As we know, friction is self adjusting force. So, it sometimes acts in the forward direction, backward direction or zero depending on the conditions.
Let us consider some examples to understand the concept better.
Illustration 1: Rolling on rough horizontal plane
Consider a rigid body of mass $M$, radius $R$ and moment of inertia $I$ about its axis passing through the centre of mass. The rigid body is kept on a rough ground.
Now a force $F$ is applied at the top most point of the rigid body as shown in the figure.

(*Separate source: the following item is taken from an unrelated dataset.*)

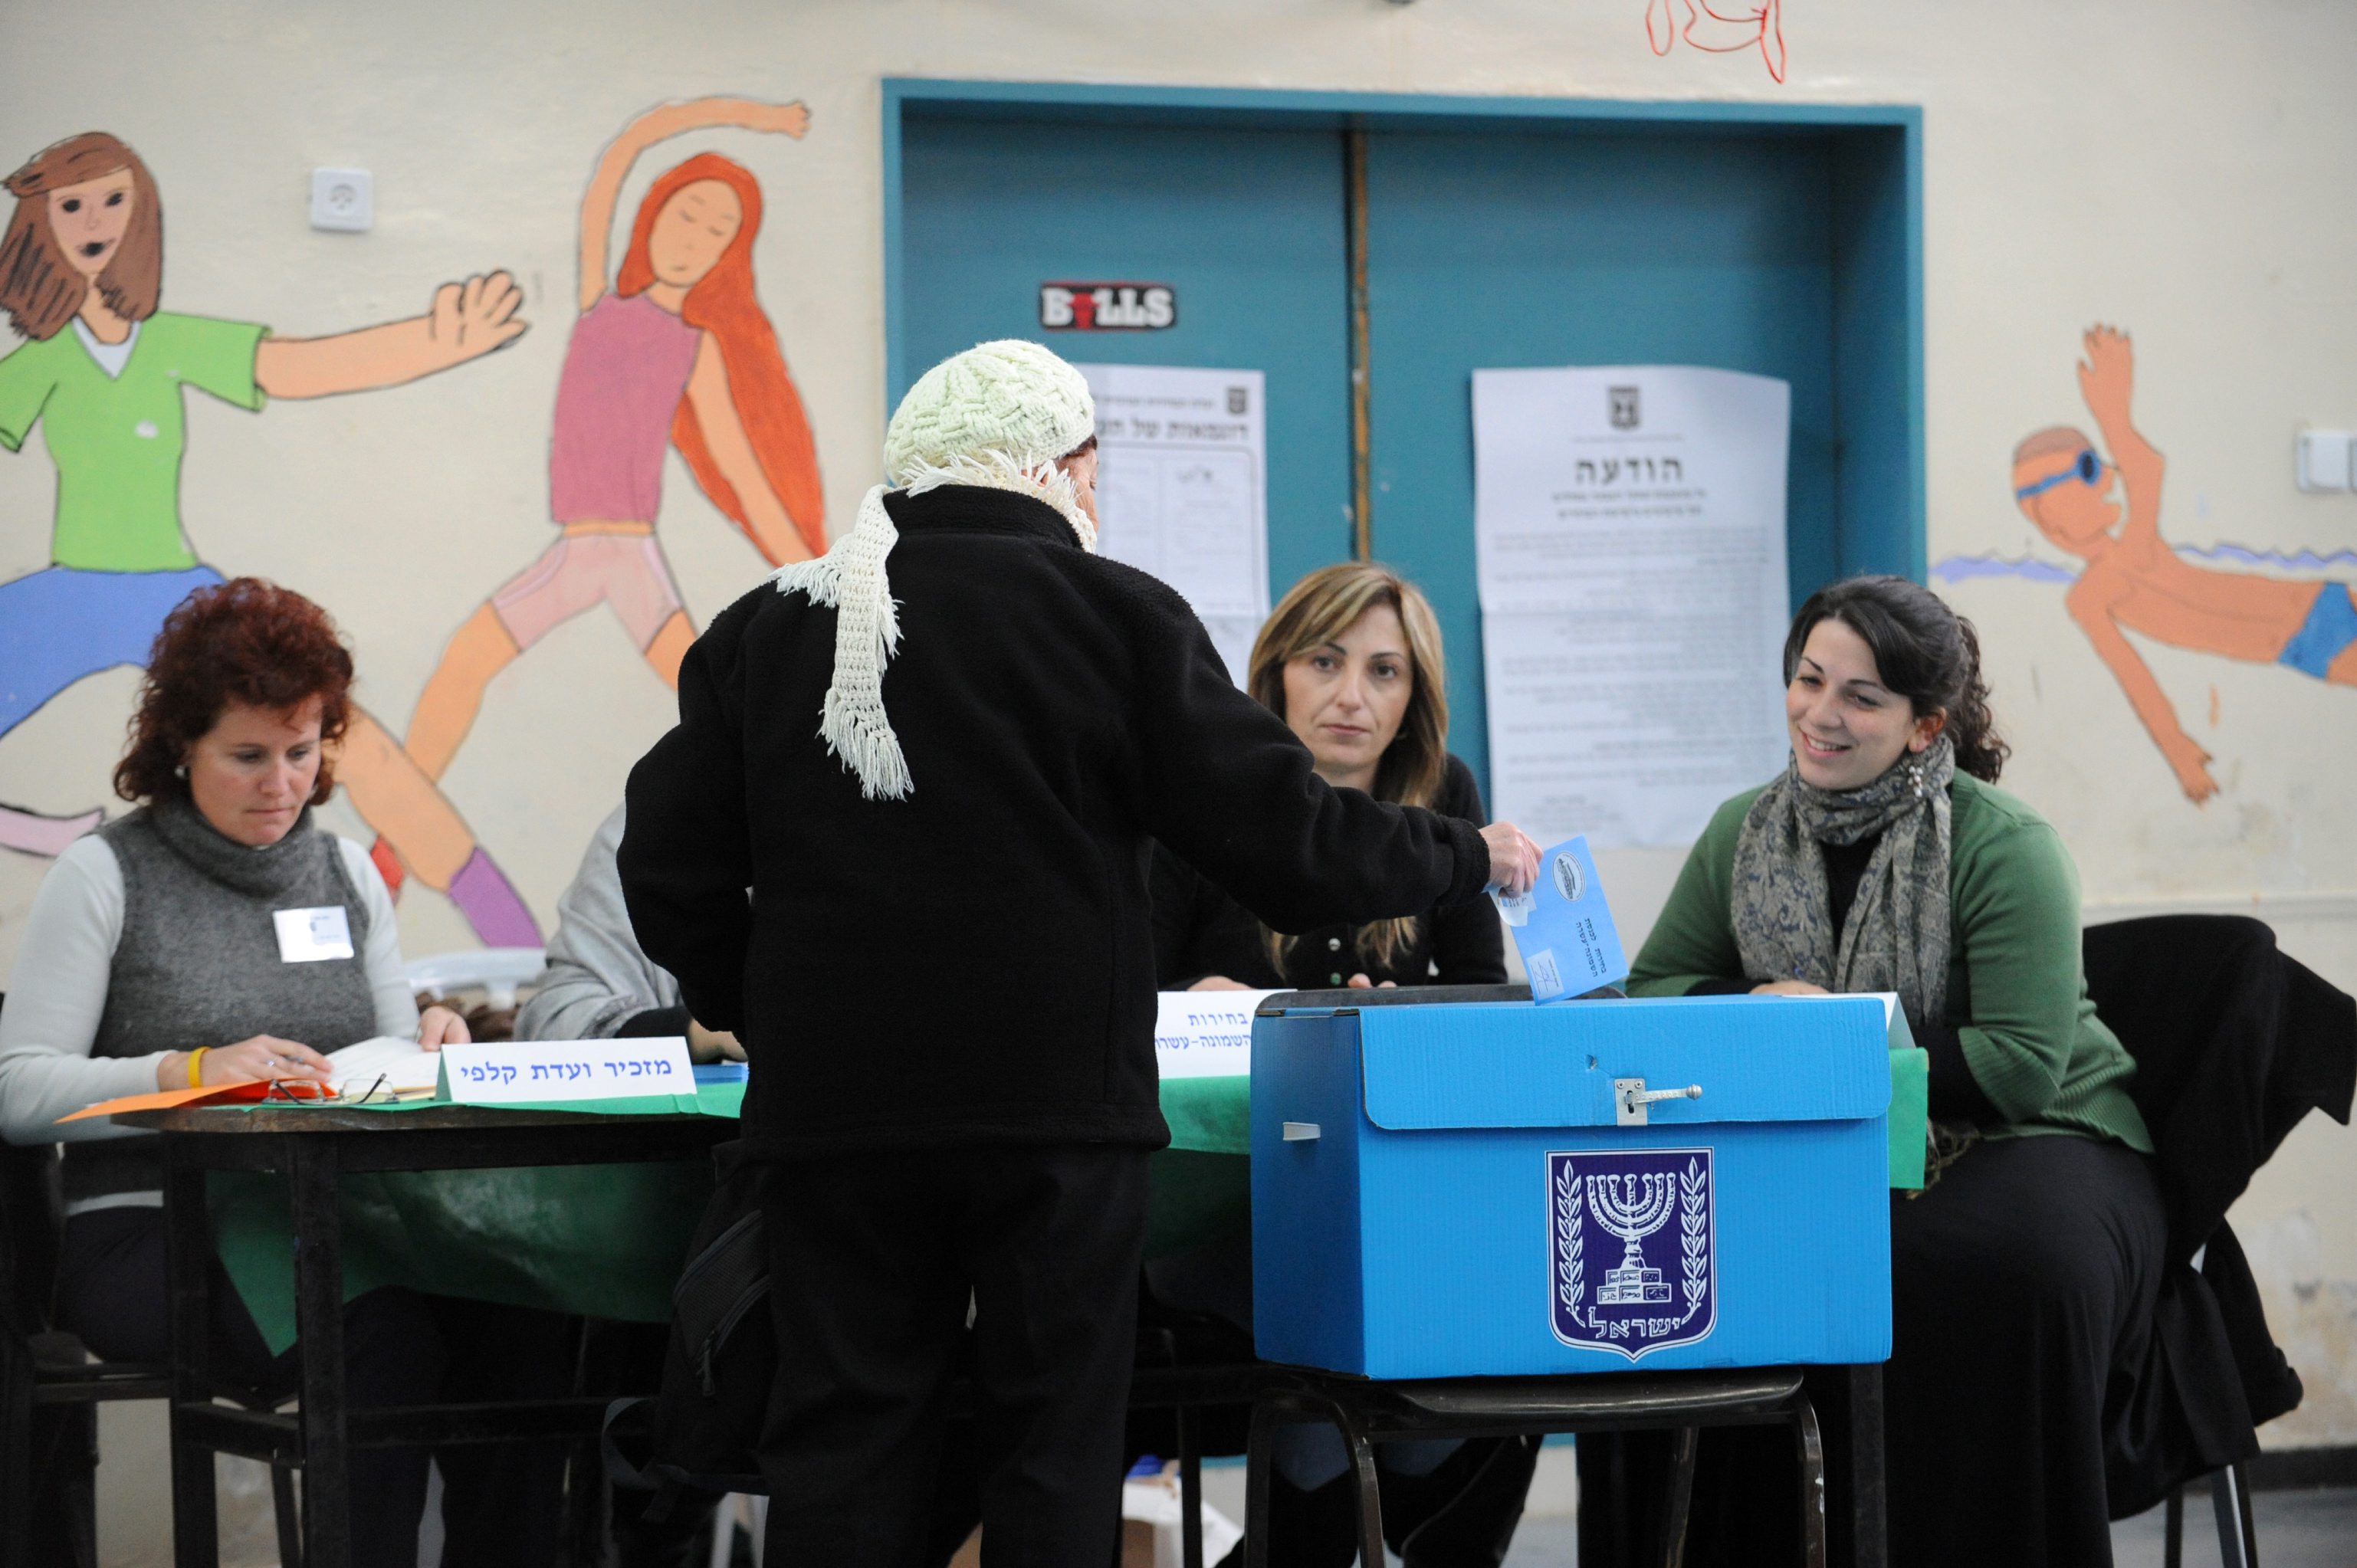 אזרחית מצביעה בקלפי בירושלים בבחירות לכנסת ה-18. צילום: עמוס בן גרשום, לע"מ

So, the force acting on the top most point of the rigid body will produce
- linear acceleration $a$ about $COM$
- angular acceleration $\alpha $ about point $O$ i.e. $COM$
As, the rigid body is kept on the rough ground. So, the friction will act on the rigid body at point of contact with the ground i.e. at point $B$.
Let us assume the friction acts in the forward direction as shown in the FBD.
From FBD we can write the following equations.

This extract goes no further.